Lifeseeker: How Model-Based Design Powers Airborne Search and Rescue
Brais Sánchez Rama, CENTUM
Designing airborne systems that operate at the intersection of two radically different worlds—telecommunications and aviation—poses a unique engineering challenge. On one side, the telecom sector evolves rapidly, with new standards, protocols, and technologies emerging continuously. On the other side, aviation is governed by stringent safety requirements, certification constraints, and long validation cycles, where any change can take years to implement.
Explore the Model-Based Design journey behind Lifeseeker, an airborne mission system that turns mobile phones into search-and-rescue beacons. The system acts as an aerial mobile cell tower, allowing rescue teams to find missing people in minutes. This capability dramatically shortens the time to locate individuals in distress, significantly outperforming traditional SAR methods such as thermal imaging or manual search.
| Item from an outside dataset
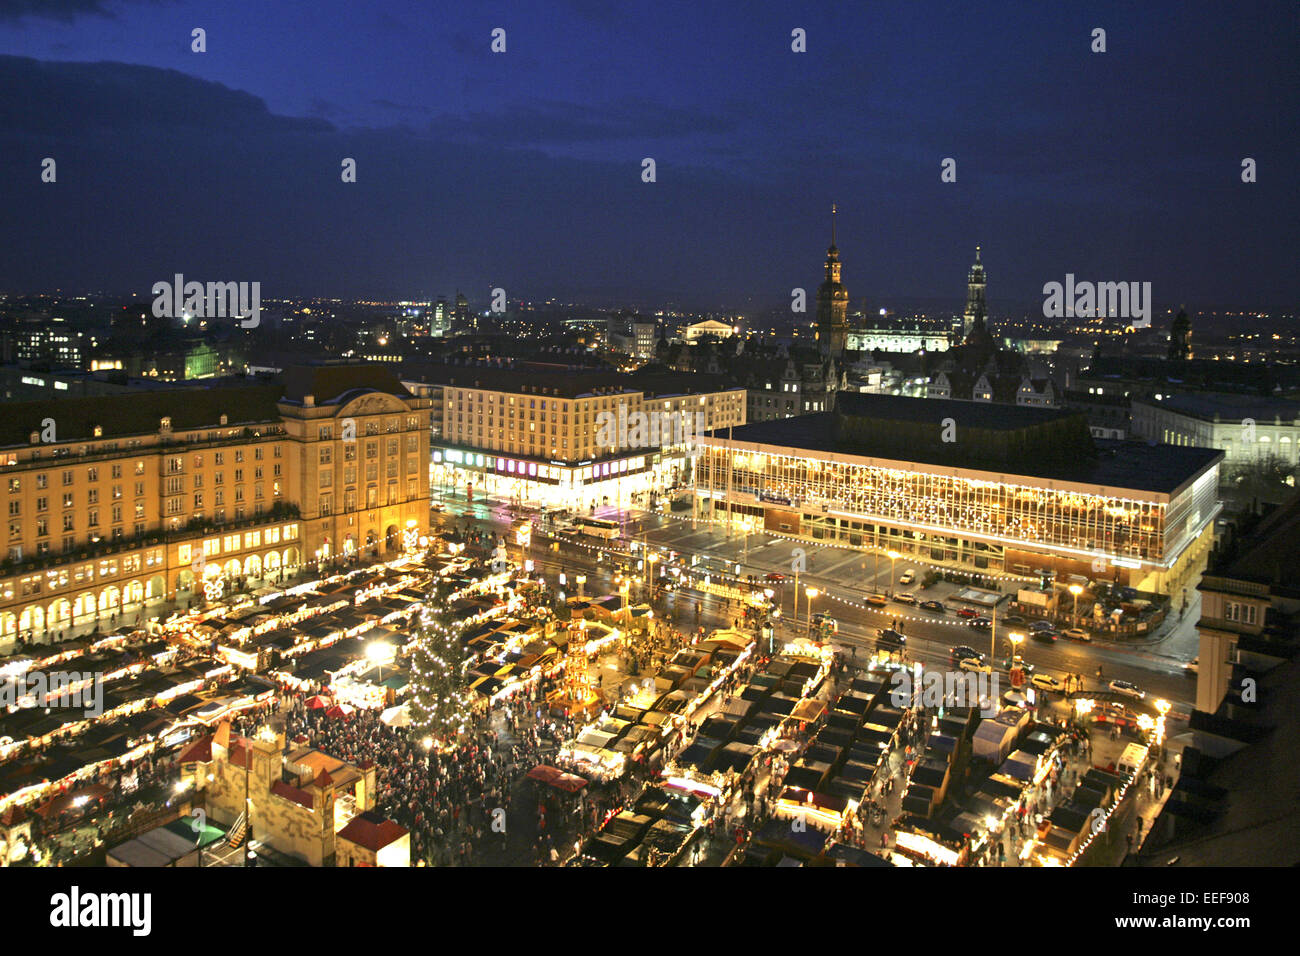 Deutschland Dresden Strietzelmarkt Uebersicht Verkaufsstaende Staende Nacht aussen beleuchtet Sachsen Adventszeit Weihnachtszeit Stock Photo

From the start, CENTUM’s design approach leveraged MATLAB® to simulate, prototype, and validate different subsystems in a virtual environment before committing to hardware or flight testing. This approach allowed them to stay ahead of fast-moving telecom standards while maintaining compliance with aviation certification pathways.
Learn how Model-Based Design enabled rapid iteration, regression testing, and performance tuning in lab conditions that mirrored complex airborne scenarios, mitigating the cost and risk of field trials. Finally, see how this methodology helped bridge the cultural and technical gap between fast and flexible telecom R&D and the rigorous demands of avionics integration, enabling the deployment of a life-saving system in real-world missions across 20+ countries.